STORED DATA:

^^^^^^^^

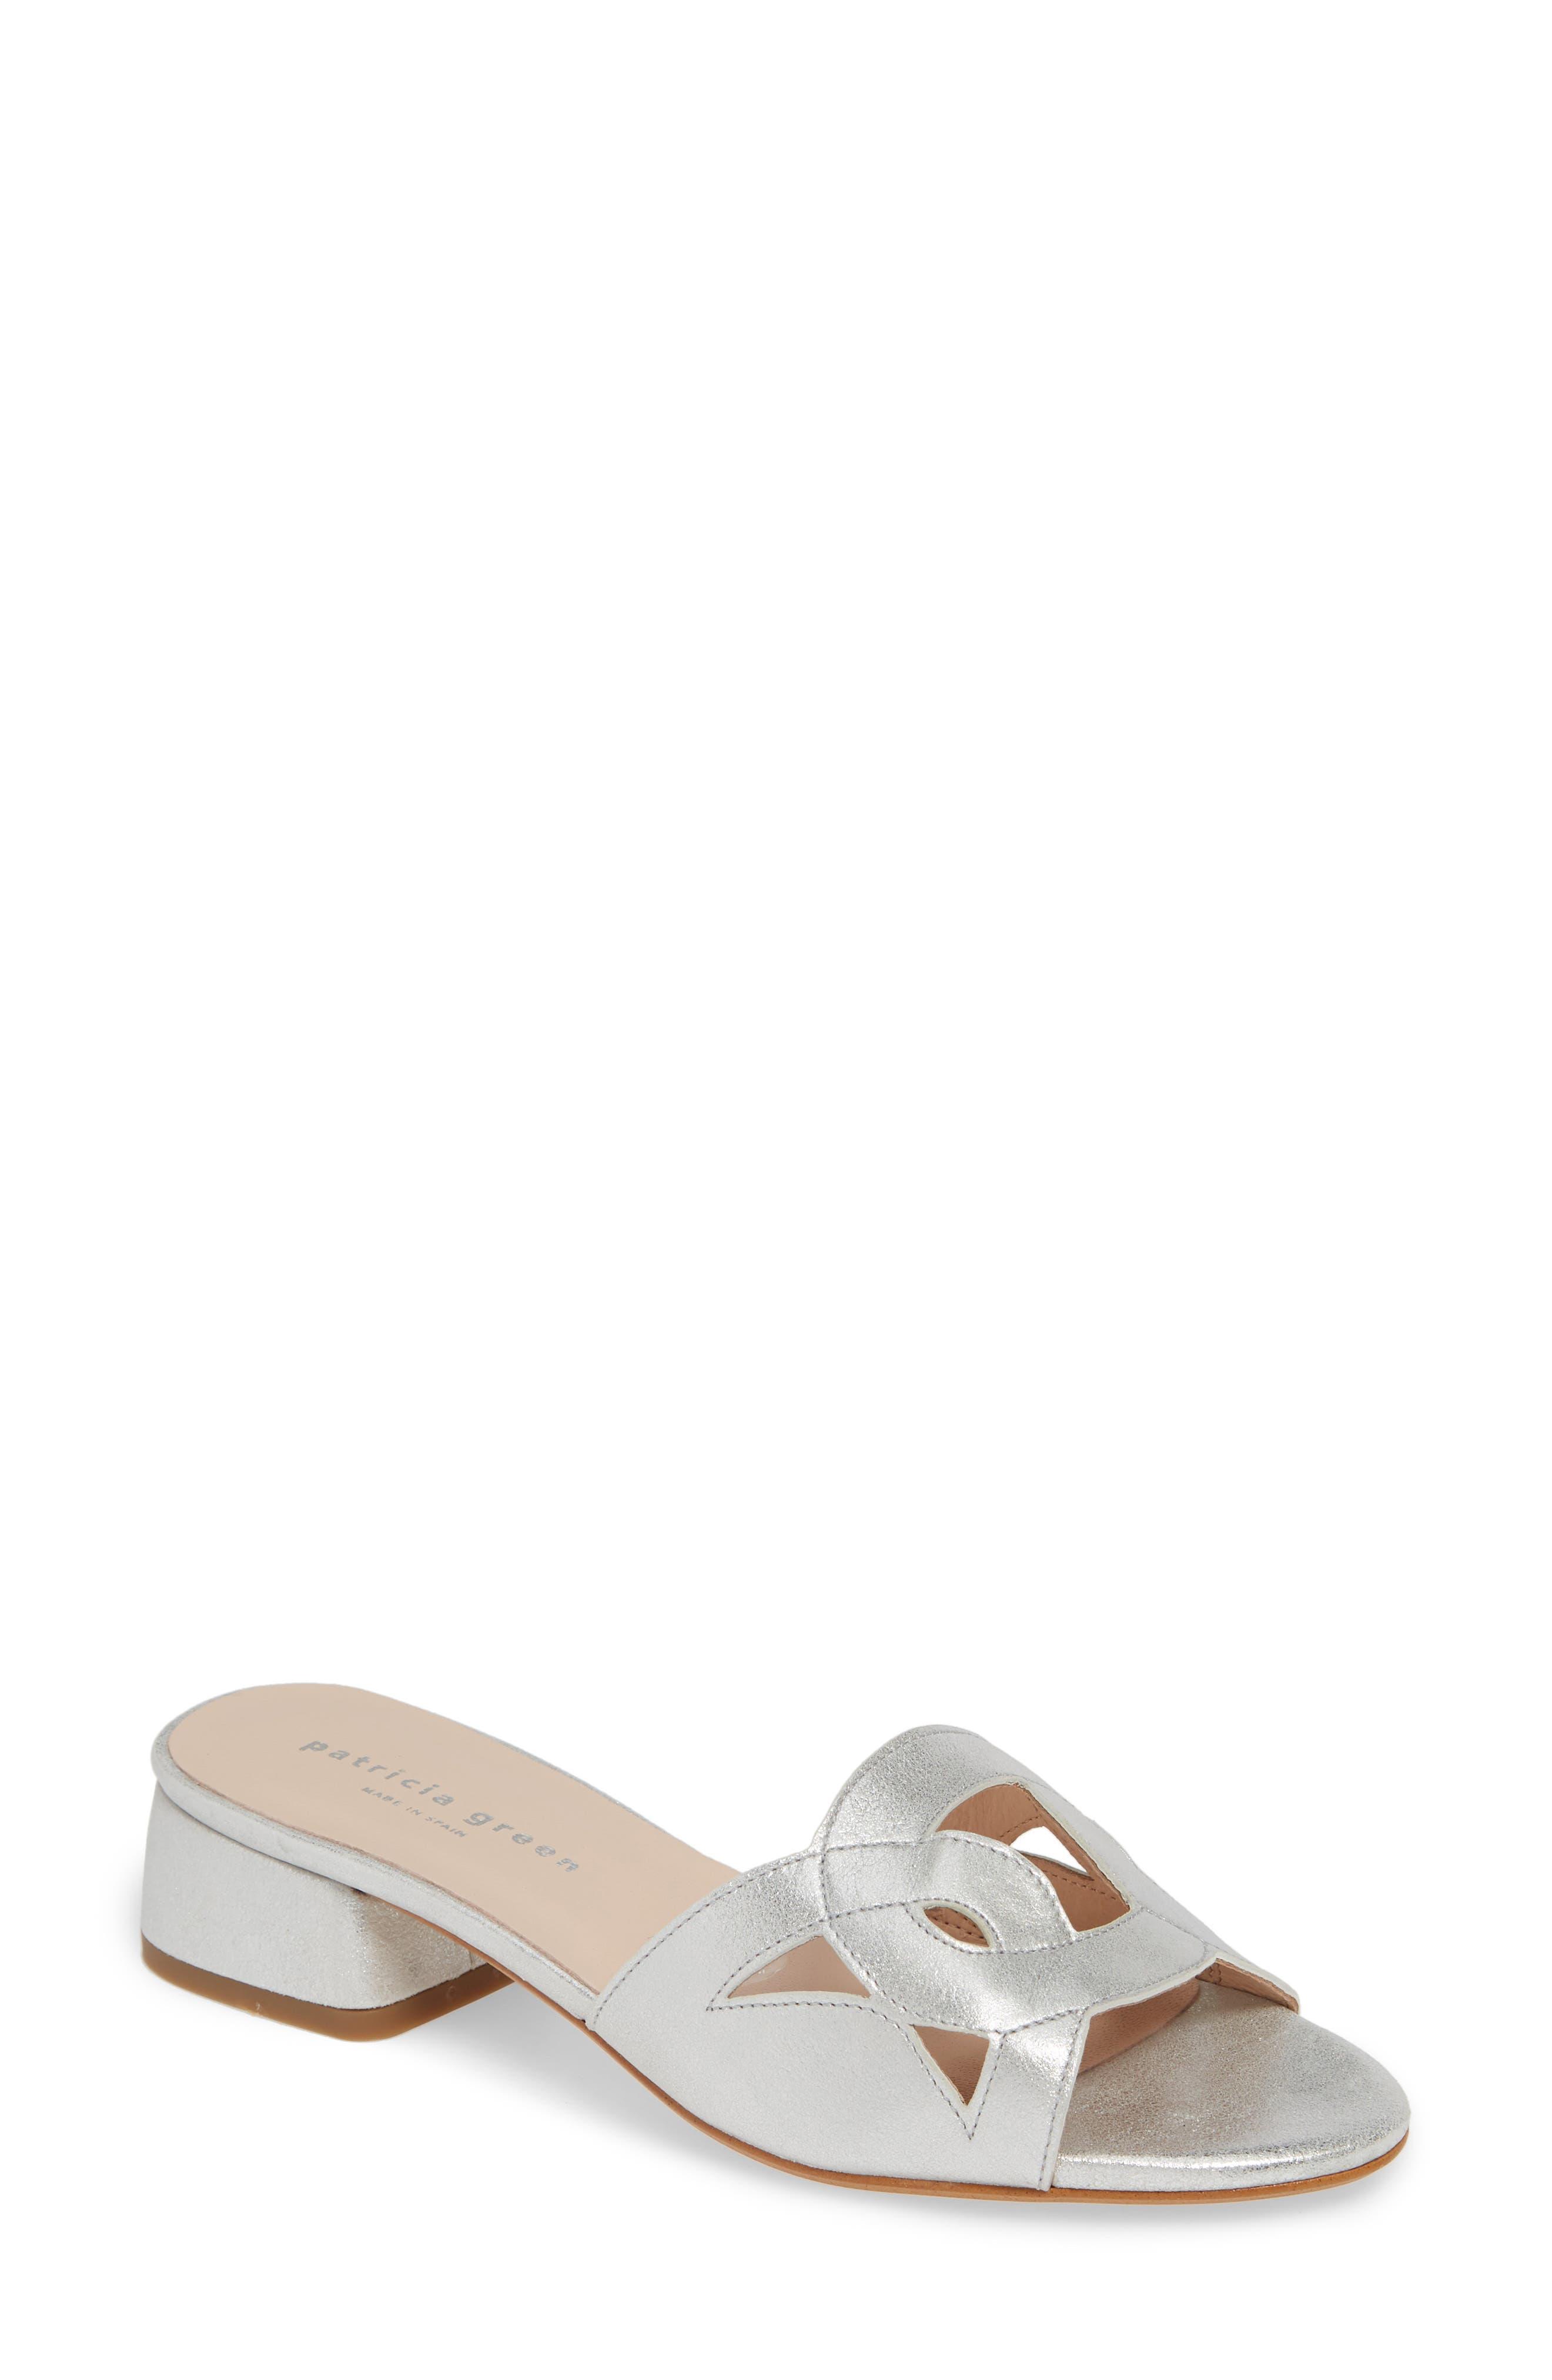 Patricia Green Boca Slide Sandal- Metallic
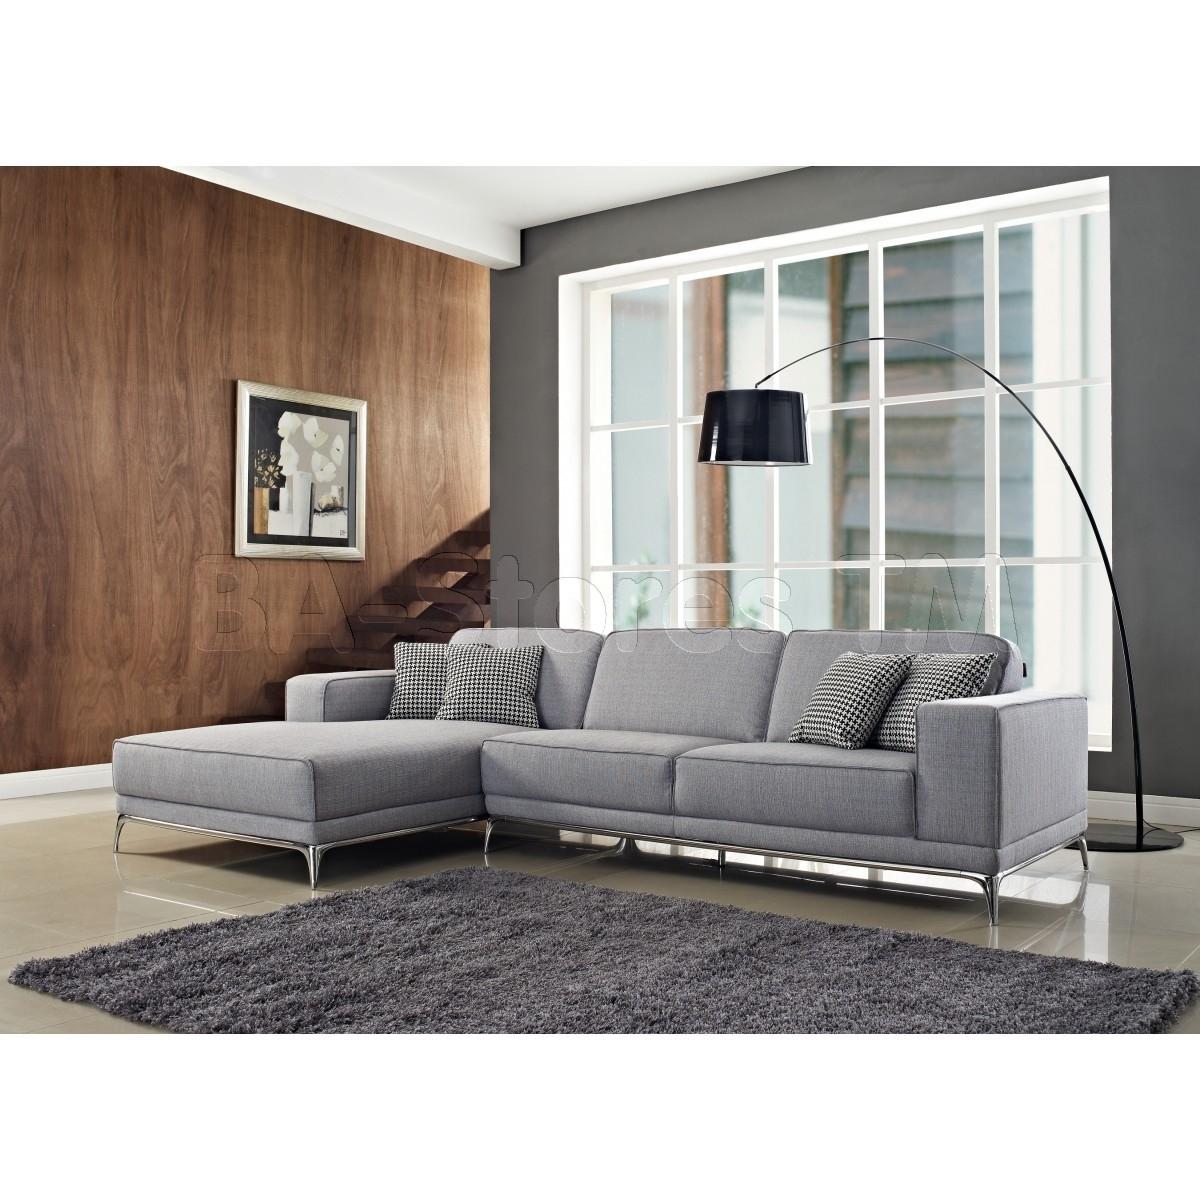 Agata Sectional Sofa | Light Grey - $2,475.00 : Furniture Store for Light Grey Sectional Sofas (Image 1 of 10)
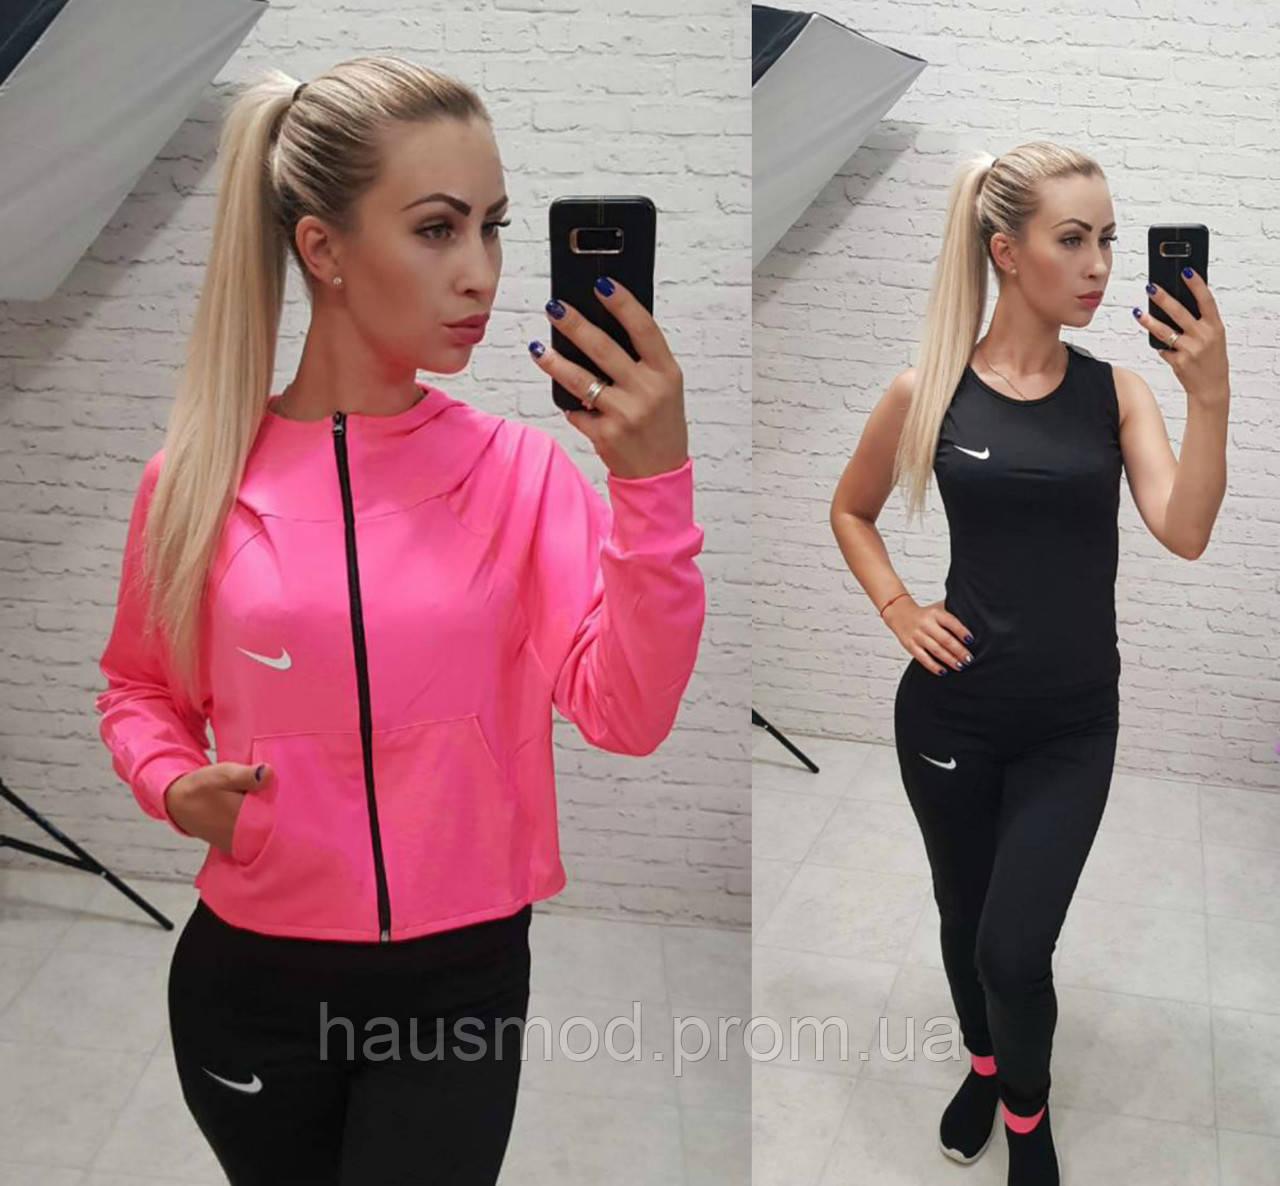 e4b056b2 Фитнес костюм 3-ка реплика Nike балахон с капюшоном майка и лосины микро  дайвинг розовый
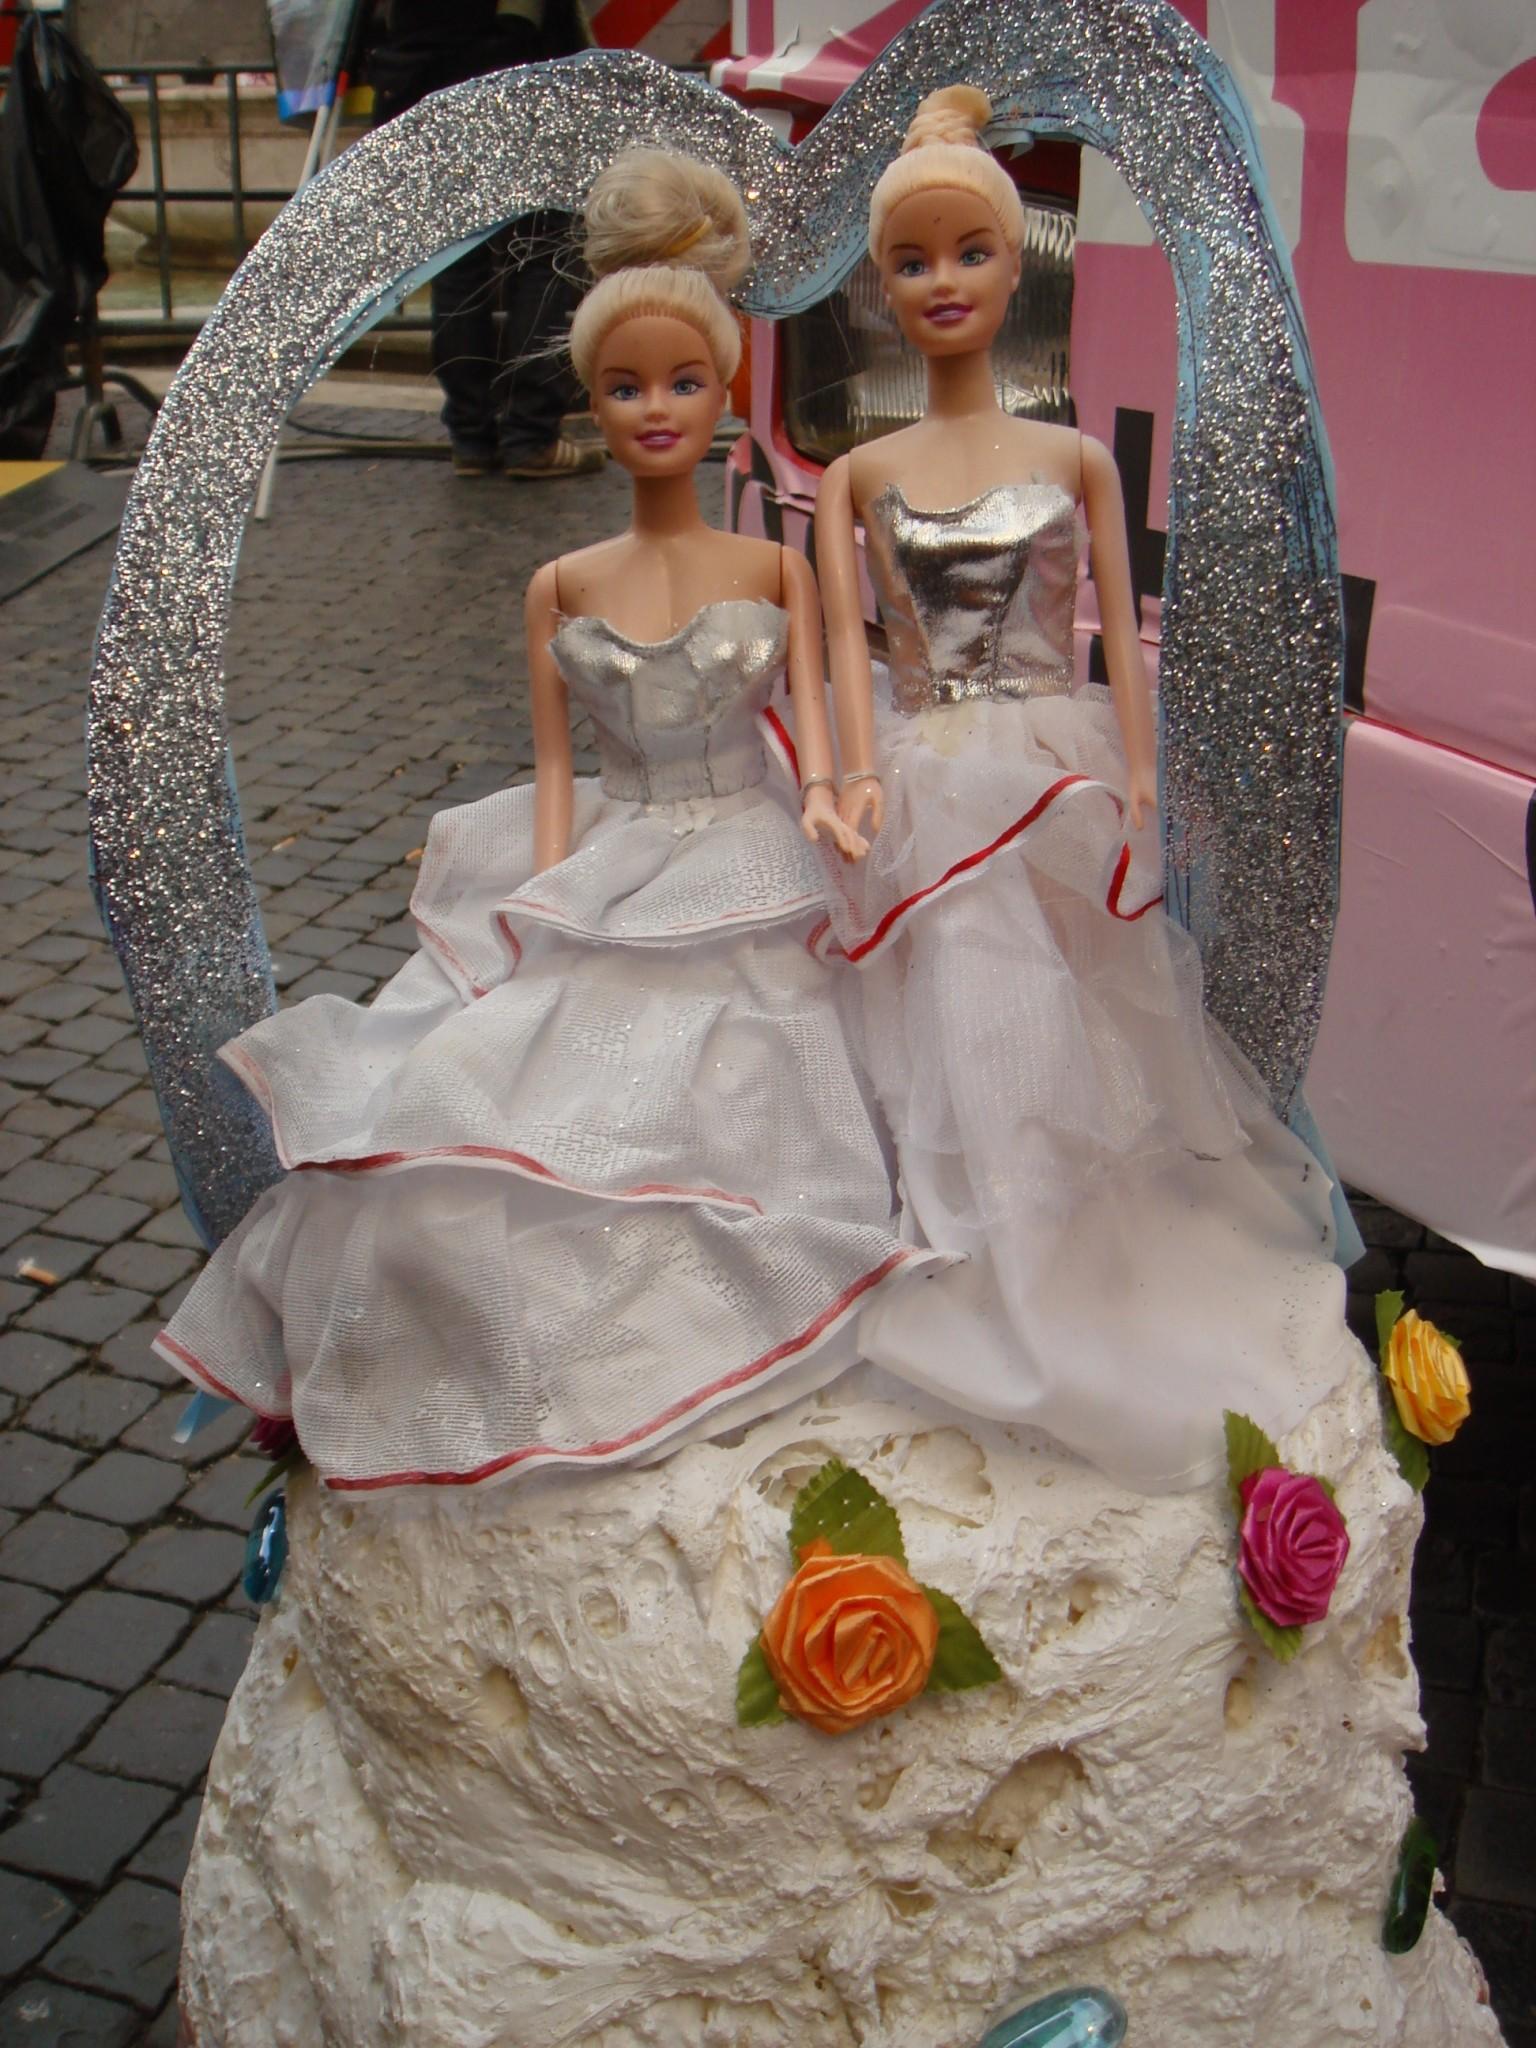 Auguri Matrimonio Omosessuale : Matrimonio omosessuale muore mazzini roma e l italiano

^^^^^^^^

Your task is to retype exactly the lines that run from the line with "Agata Sectional Sofa" through the last line of the material, with the pictures left out.

 Agata Sectional Sofa | Light Grey - $2,475.00 : Furniture Store for Light Grey Sectional Sofas (Image 1 of 10)
 e4b056b2 Фитнес костюм 3-ка реплика Nike балахон с капюшоном майка и лосины микро  дайвинг розовый
 Auguri Matrimonio Omosessuale : Matrimonio omosessuale muore mazzini roma e l italiano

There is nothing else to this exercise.